Эйла посмотрела на подарок, потом на Ранека, и глаза ее расширились от удивления и радости.
– Ты сделал это для меня? Но зачем?
– Потому что я так захотел. Это для тебя – и все. Считай это моим священным даром, – говорил он, убеждая ее принять подарок.
Эйла взяла покрытый резьбой бивень мамонта и, осторожно держа его в руках, стала рассматривать.
– Опять женщины и птицы, – произнесла она с радостью и восхищением, – как те, что ты показывал мне прежде… Но другие.
Ее глаза засветились.
– Я вырезал их нарочно для тебя. Но предупреждаю, – сказал он с глубокой серьезностью, – я вложил в них магическую силу, чтобы они тебе… понравились, и тот, кто их сделал, – тоже.
– Для этого не нужно никакой магии, Ранек!
– Значит, тебе понравилось? Скажи мне, что ты об этом думаешь? – спросил Ранек, хотя не в его обычае было выспрашивать у людей, что они думают о его изделиях.
Он работал для себя и во имя Великой Матери, но сейчас он во что бы то ни стало хотел, чтобы его работа понравилась Эйле. Он вложил все свои устремления и мечты в каждую зарубку, в каждую линию, надеясь, что этот узор, вдохновленный Великой Матерью, окажет магическое воздействие на женщину, которую он любит.
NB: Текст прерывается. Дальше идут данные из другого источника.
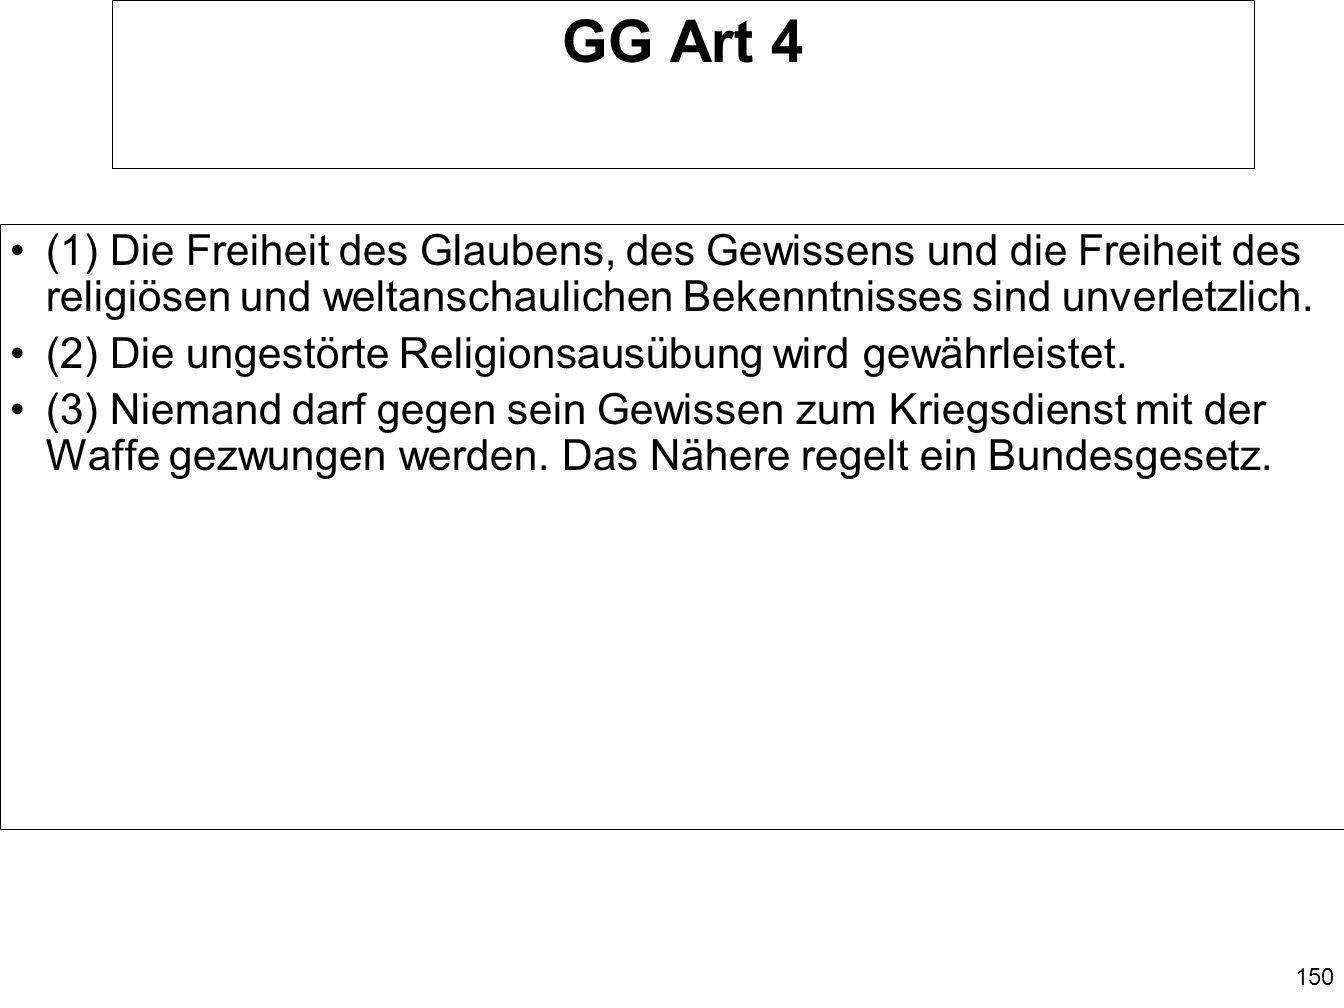 GG Art 4 (1) Die Freiheit des Glaubens, des Gewissens und die Freiheit des religiösen und weltanschaulichen Bekenntnisses sind unverletzlich.

Вглядевшись в резьбу, она заметила, что внизу изображен треугольник. Она знала, что это символ женственности, еще и потому, что число «три» воплощает силы плодородия и освящено Мут. Треугольники окаймляли рисунок; под изображением женщины они были повернуты наружу, под изображением птицы – внутрь. Весь рисунок, окаймленный параллельными линиями и рядом треугольников, представлял собой орнамент, изысканный и приятный на вид, но таивший в себе нечто большее.
– Прекрасная работа, Ранек. Мне особенно понравилось, как ты прочертил эти линии. Это напоминает мне перышки, но в то же время, когда я смотрю на них, я почему-то думаю о воде. Как будто это знаки какие-то…
Улыбка Ранека сменилась радостным смехом.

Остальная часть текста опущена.